IDNAbis Preprocessing Draft
M. Davis, 2007-01-08
(live document at: http://docs.google.com/Doc?id=dfqr8rd5_51c3nrskcx)TBD: boilerplate, wordsmithing, references, fleshing out for clarity,...
This document provides a rough draft for a specification of an internationalized domain name preprocessing step that
is fully compatible with IDNA2003, and extends consistently to
characters introduced in any later Unicode version.
- IDNA Preprocessing Table
The IDNA2003 specifications (the IDNA base specification [RFC3490
], Nameprep [RFC3491
], Punycode [RFC3492
], and Stringprep
]) use a preprocessing step, which performs Unicode normalizations, lowercasing, and some other mapping). The IDNAbis specification does not provide such a preprocessing step, and only specifies what is "on the wire".
When using the IDNAbis specification, some user agents such as browsers may have a requirement to interoperate compatibly with the prior IDNA2003 specification and/or operate in an environment that needs to allow
lenient parsing of internationalized domain names. In the latter case, it may be that an internationalized domain name is not formally allowed according to the relevant specifications, but that there is widespread de facto
use. For example, here is a chart showing the behavior of some major browsers:
||But being implemented in browsers...
U+2488 ( ⒈ ) DIGIT ONE FULL STOP
Because Firefox and IE7
both accept these forms, and because of the substantial number of existing (and future) web pages that contain these formats, implementations will have no choice but to support a preprocessing step that allows for all of the forms, into the indefinite future. Note that this is not a UI issue; these are in an HTML page. The
more of the web and net's infrastructure that accepts these variations,
the more that other programs need to accommodate them, so that they
interwork with one another. For that we need a uniform specification that allows implementations to get the same results as IDNA2003, and also accommodate the newer Unicode characters.
To promote interoperability among user agents, the specification for such preprocessing is provided in this document.
Open Issue: we may want to also have a recommended a postprocessing step, to deal with final sigma.
Lower-level protocols, such as the SMTP envelope, should require the strict use of U-labels and thus not use the preprocessing specified here.
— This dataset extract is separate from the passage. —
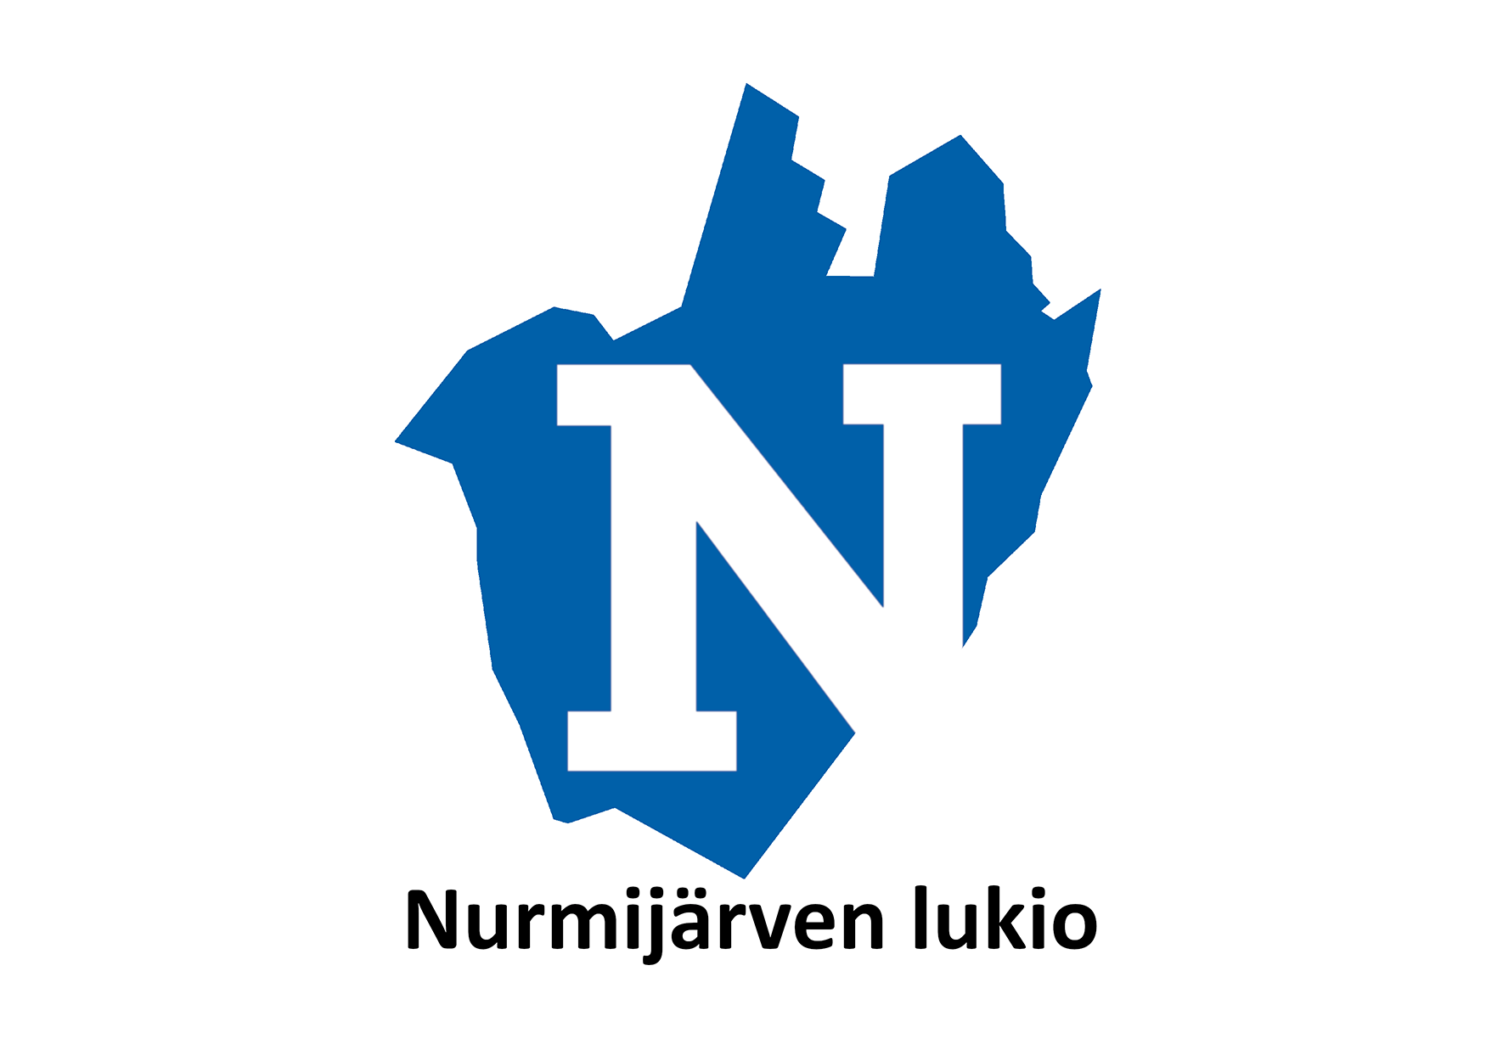 Nurmijärven lukion logo
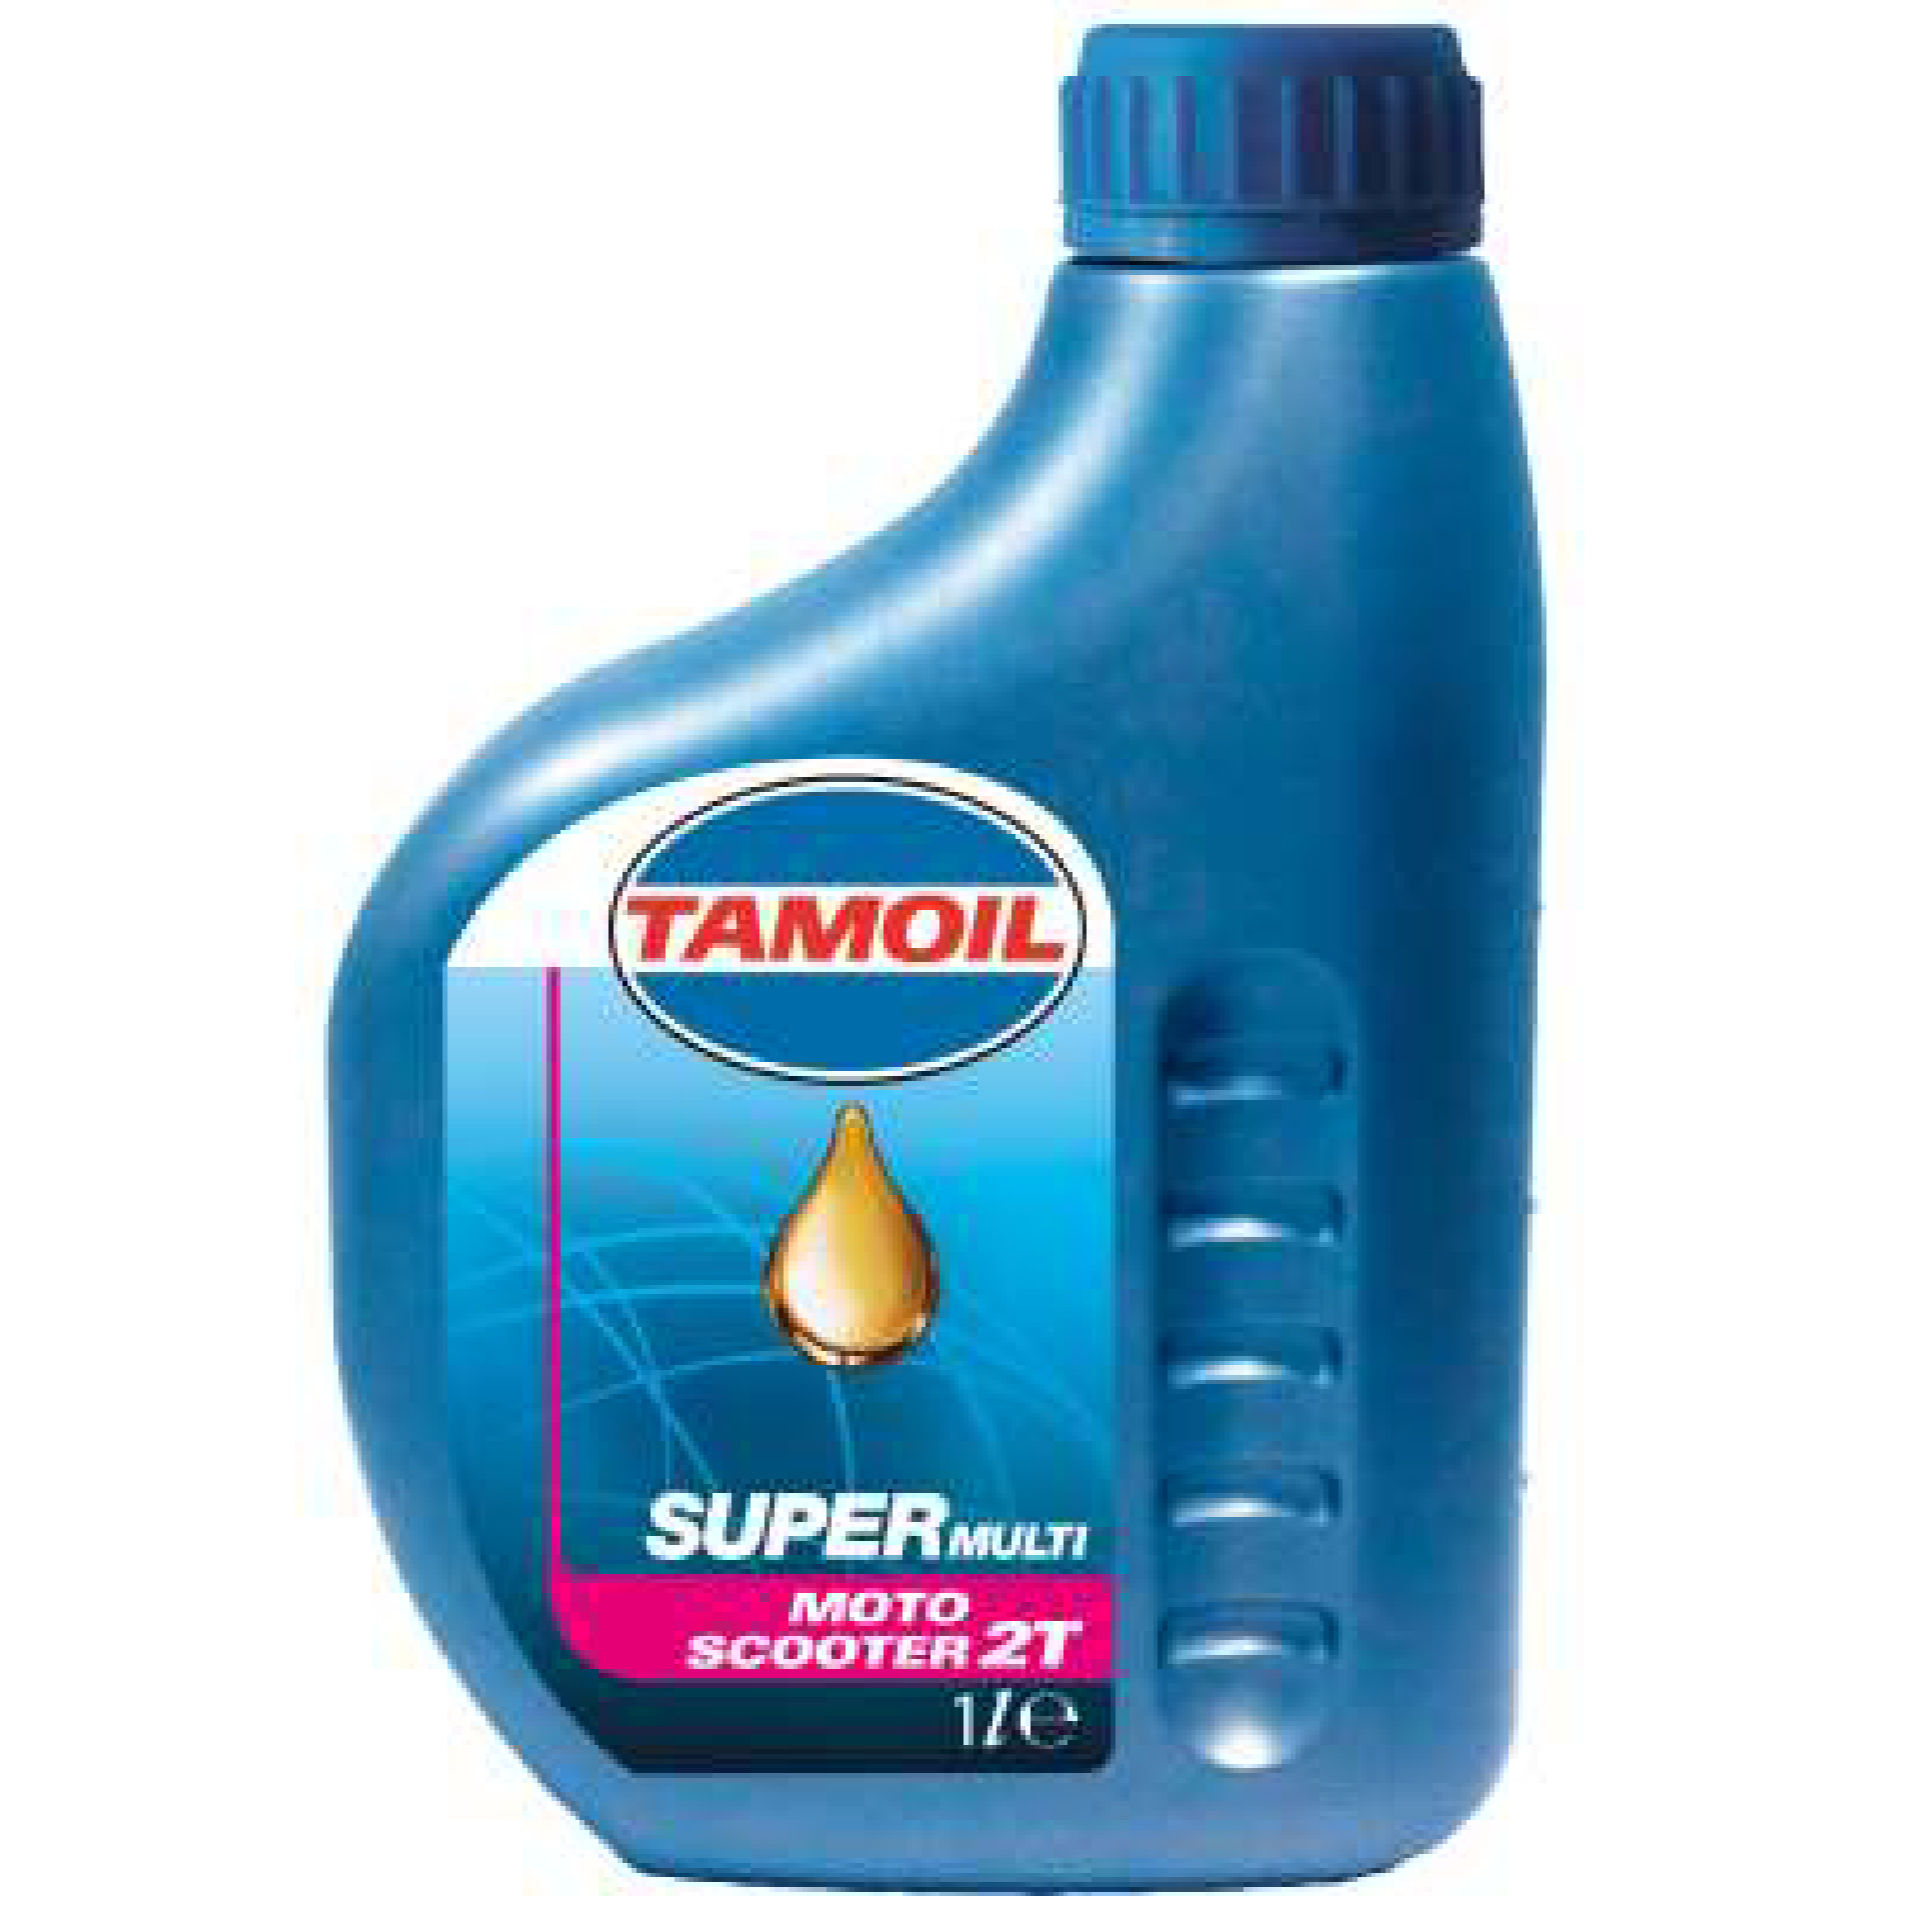 TAMOIL SUPERMULTI 2T LT.1Tamoil

Language-specific modifications to the preprocessing specified in this document are outside of the scope of this document; they are, however, discouraged because of the problems they pose for interoperability.
- Any characters legal in IDNAbis, if present in the input, are also present in the output (with the exception of characters that are composed via normalization).
- Where the user has a reasonable expectation that giving the character "X" as input will be treated as equivalent to "X'", and it's possible to determine this unambiguously, this is what should happen.
- Where the preprocessing results in an "abort with error", the input is not interpreted as convertible to a U-Label. In a user-interface, this should be indicated with a warning; in other processing (such as search-engine parsing of a web page), lookup would fail.
Three particular cases of compatibility with IDNA2003 are worth calling attention to.
U+00DF ( ß ) LATIN SMALL LETTER SHARP S -- IDNA2003 converts this to "ss", to allow for case-insensitivity between words like "STRASSE" and "straße".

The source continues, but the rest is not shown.